▶ [Given information]
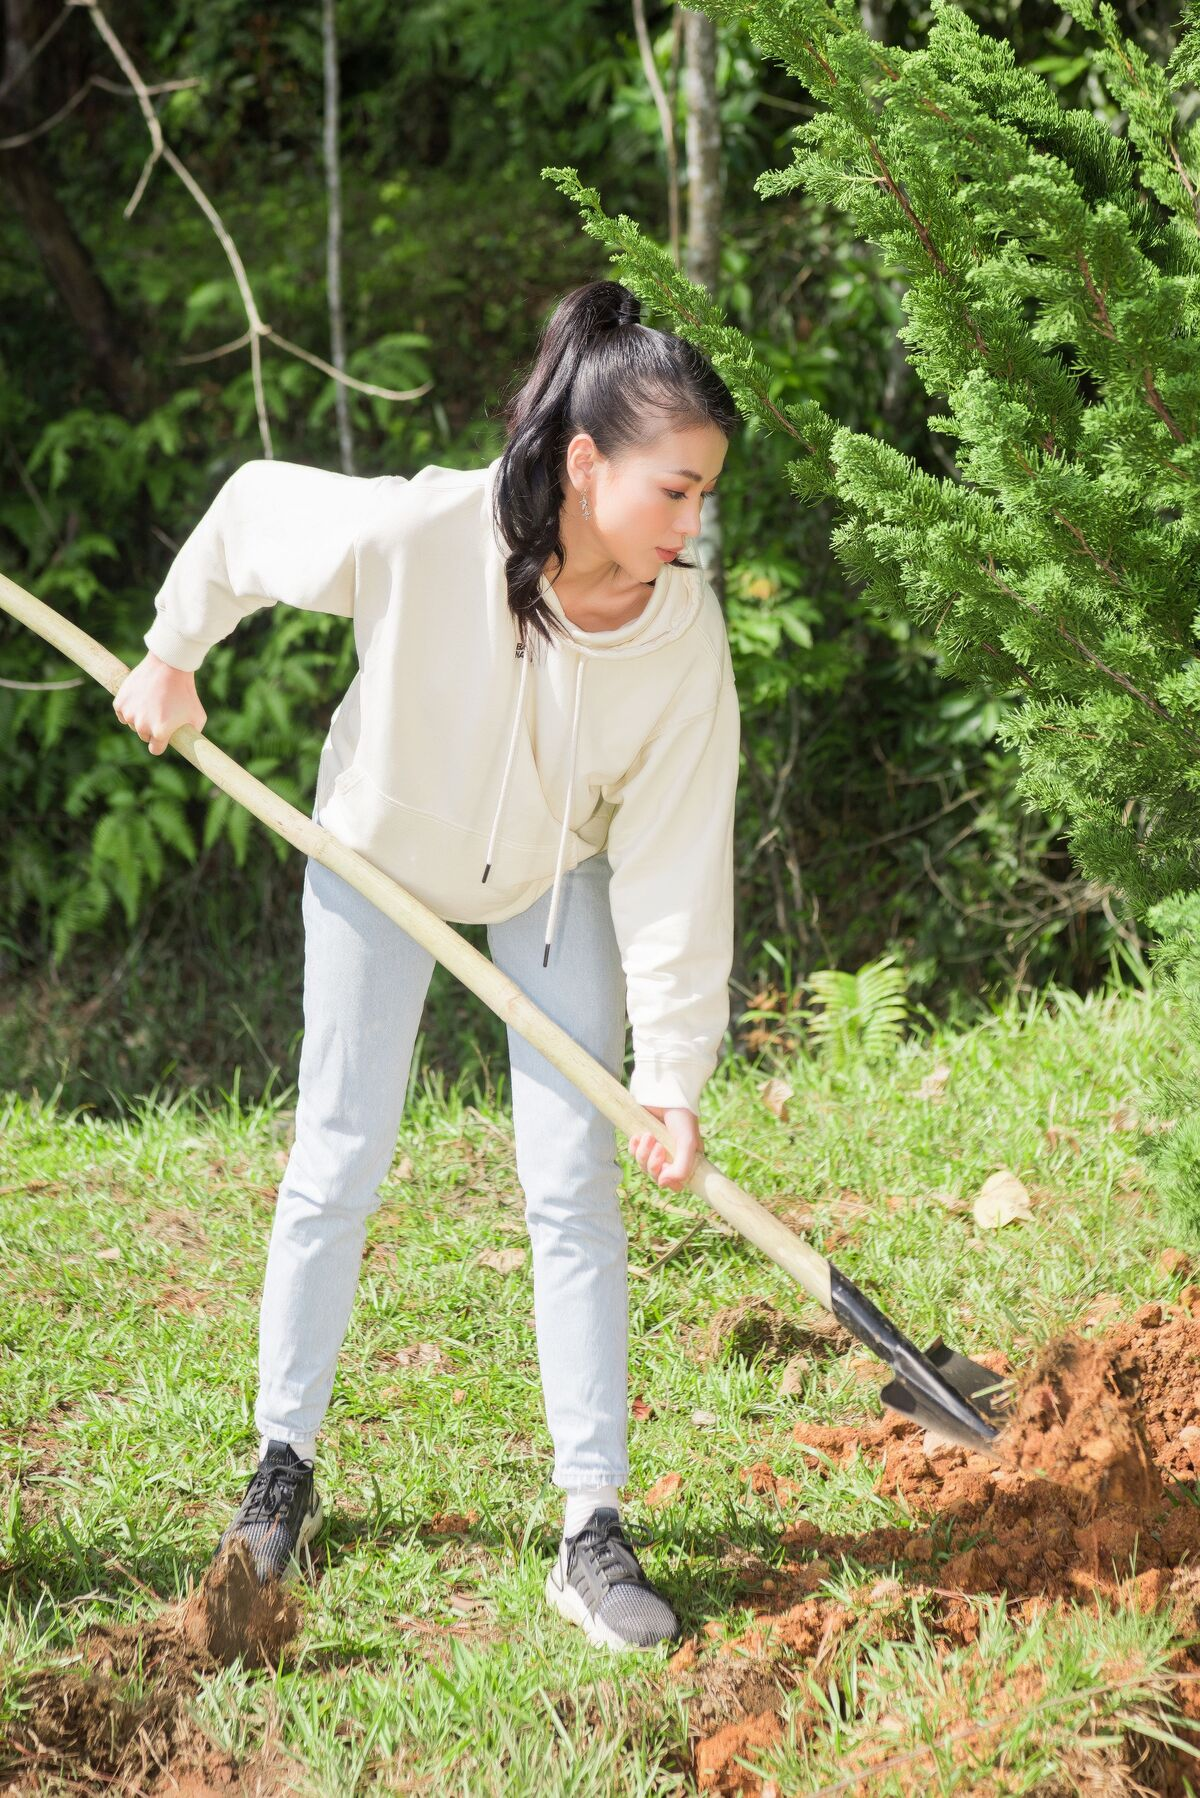 Trúc diễm diễm hương trồng cây ở lâm đồng - 5
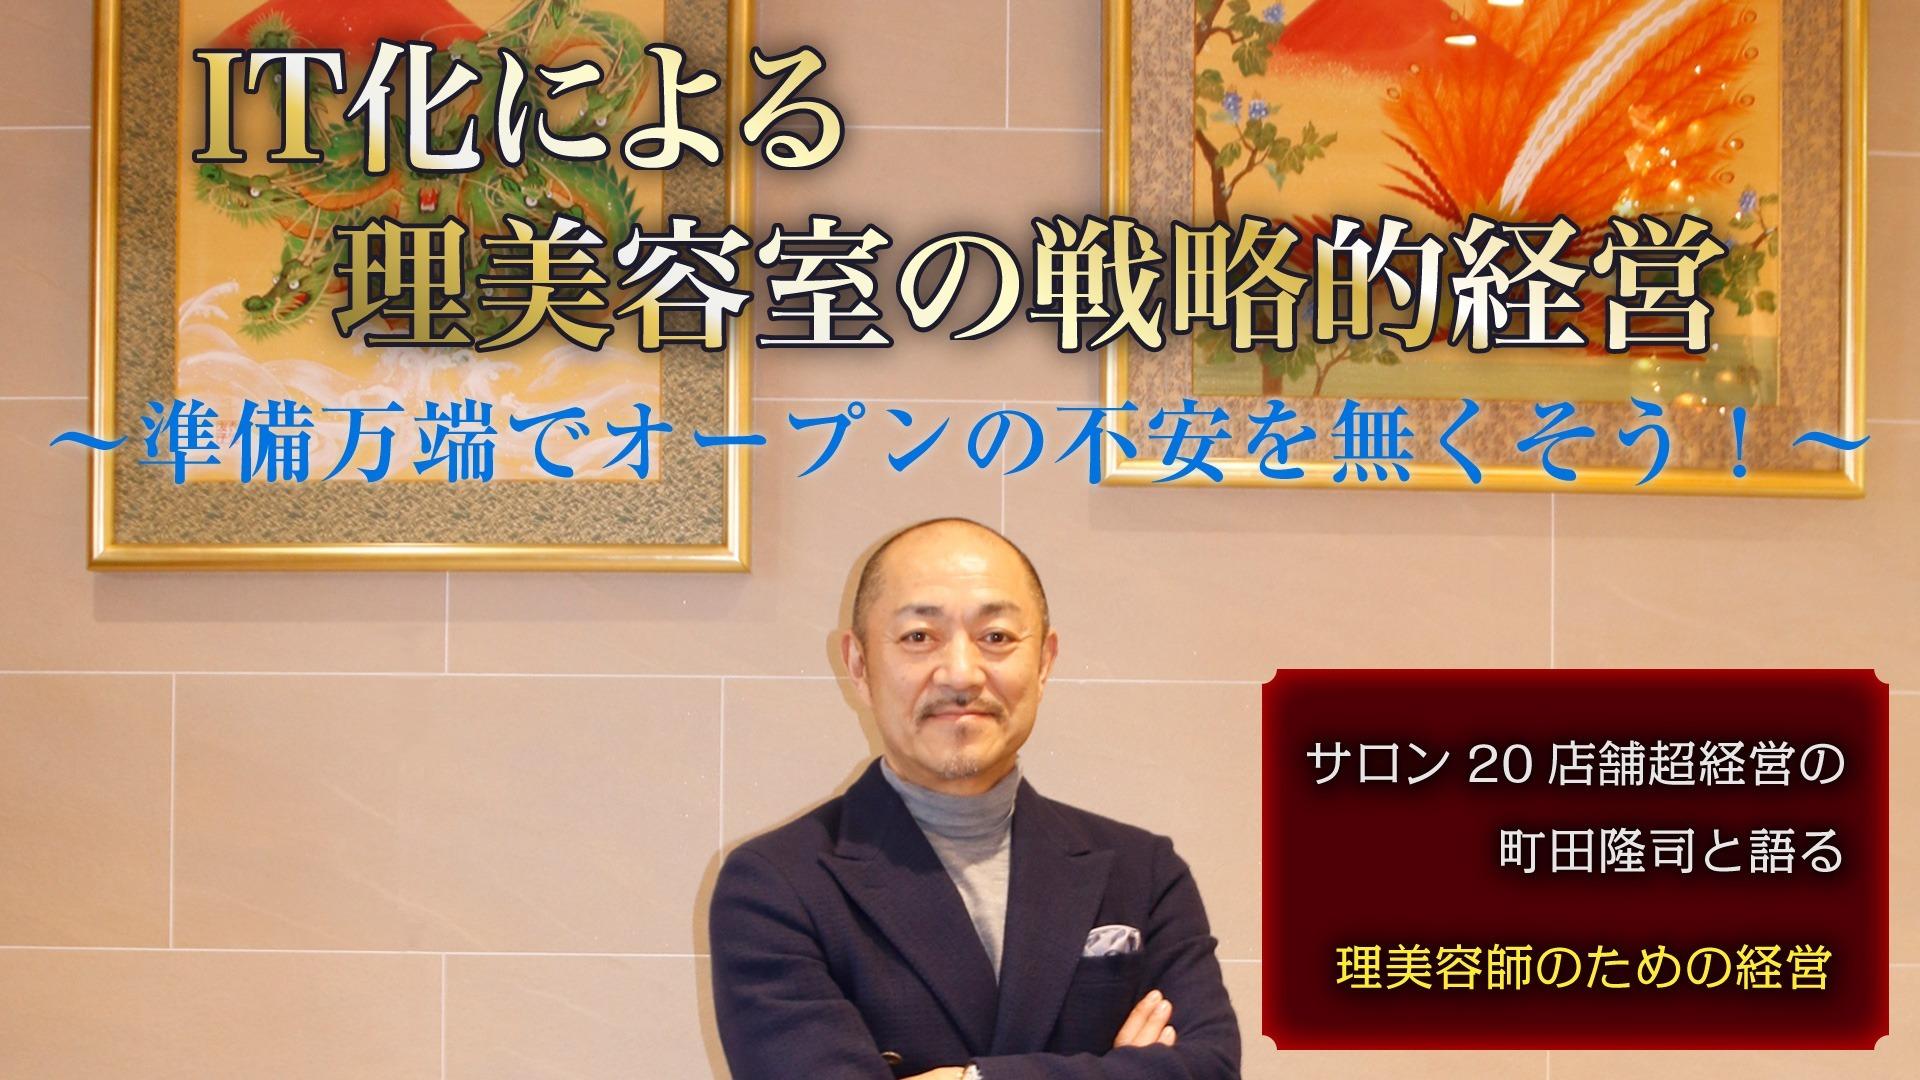 町田 隆司 - IT化による理美容室の戦略的経営~準備万端でオープンの不安を無くそう! - DMM オンラインサロン
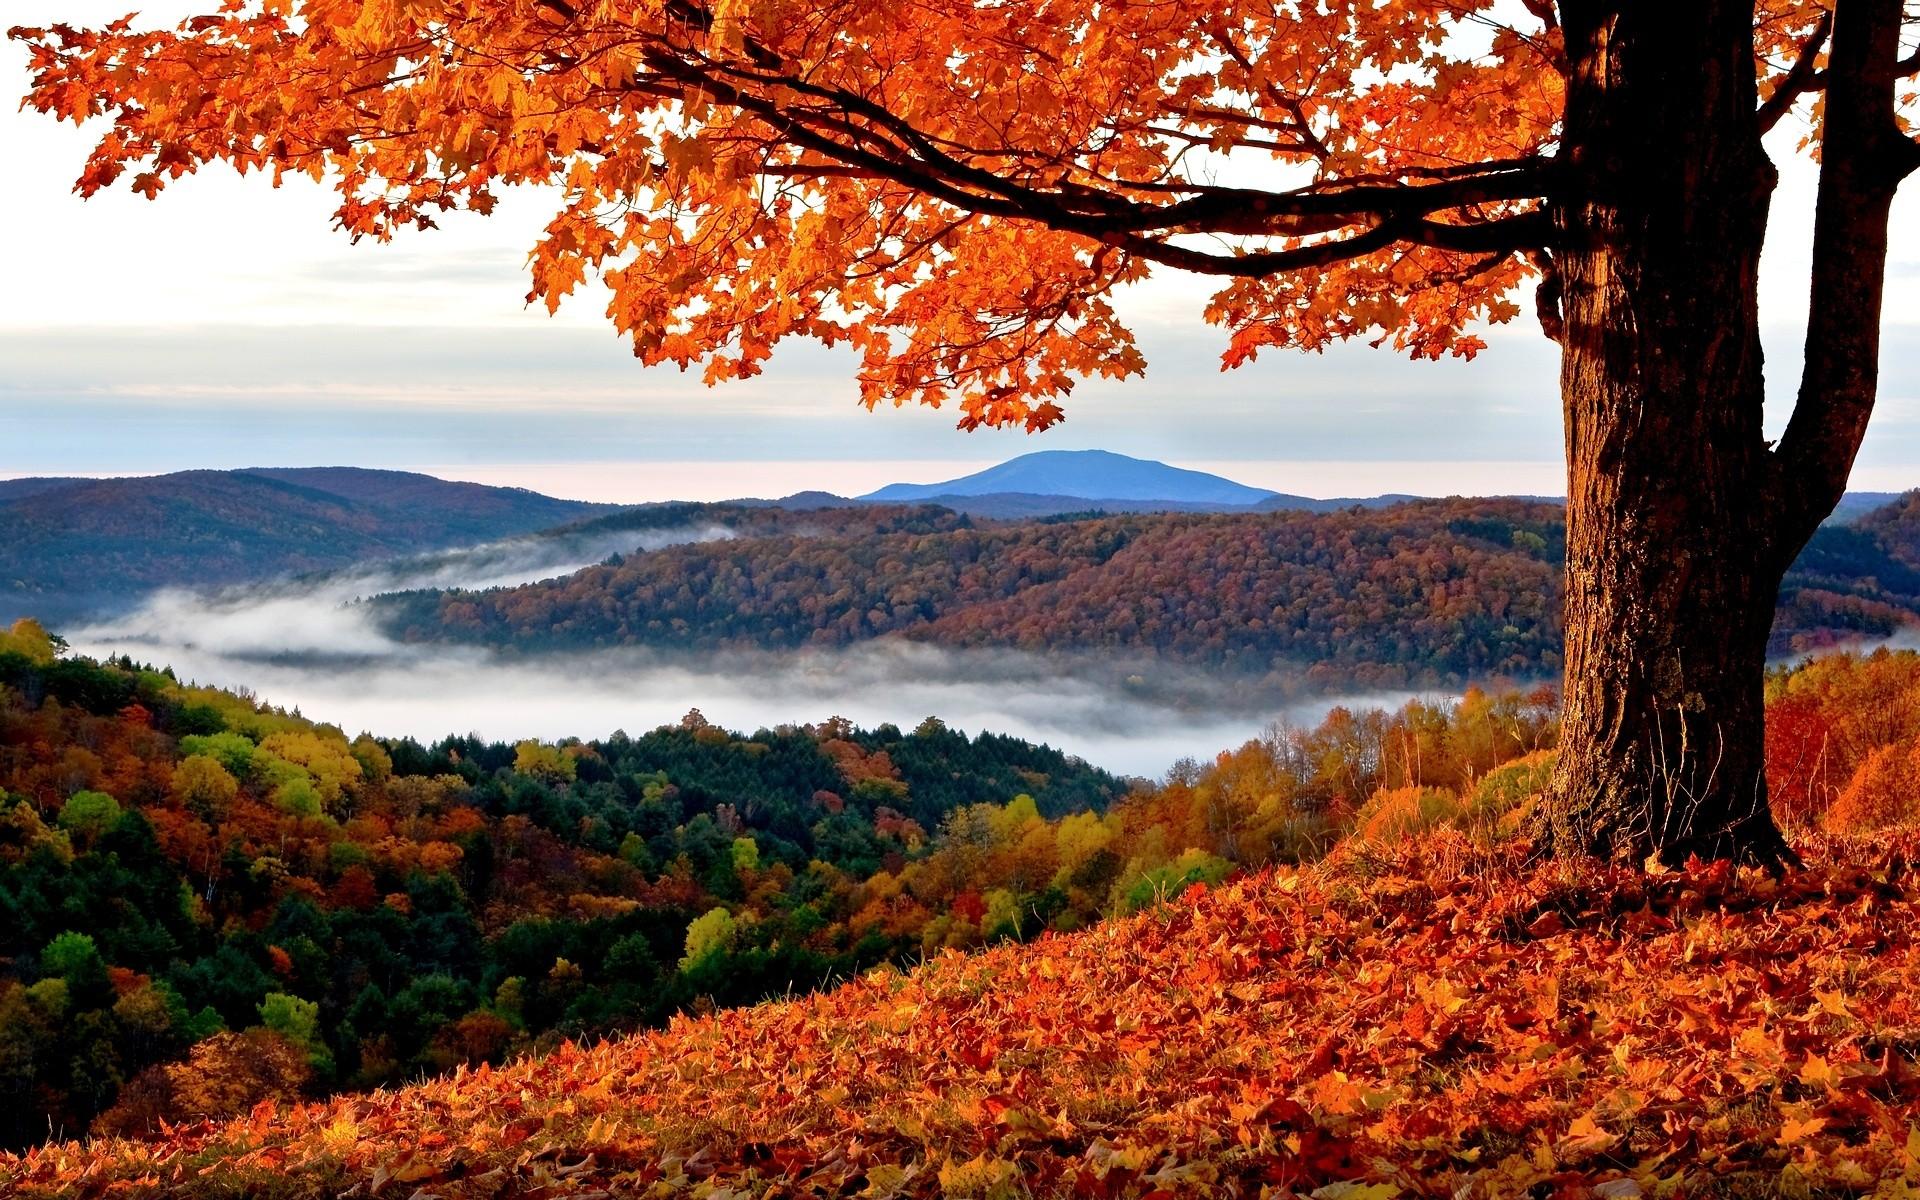 Autumn - landscape

▶ [Work to be completed] Print the lines from the one that contains "町田 隆司 - IT化による理美容室の戦略的経営~準備万端でオープンの不安を無くそう!" through the last line of the data, exactly and in full, and no other lines. Pictures are not part of the copy.

▶ [Answer section]
 町田 隆司 - IT化による理美容室の戦略的経営~準備万端でオープンの不安を無くそう! - DMM オンラインサロン
 Autumn - landscape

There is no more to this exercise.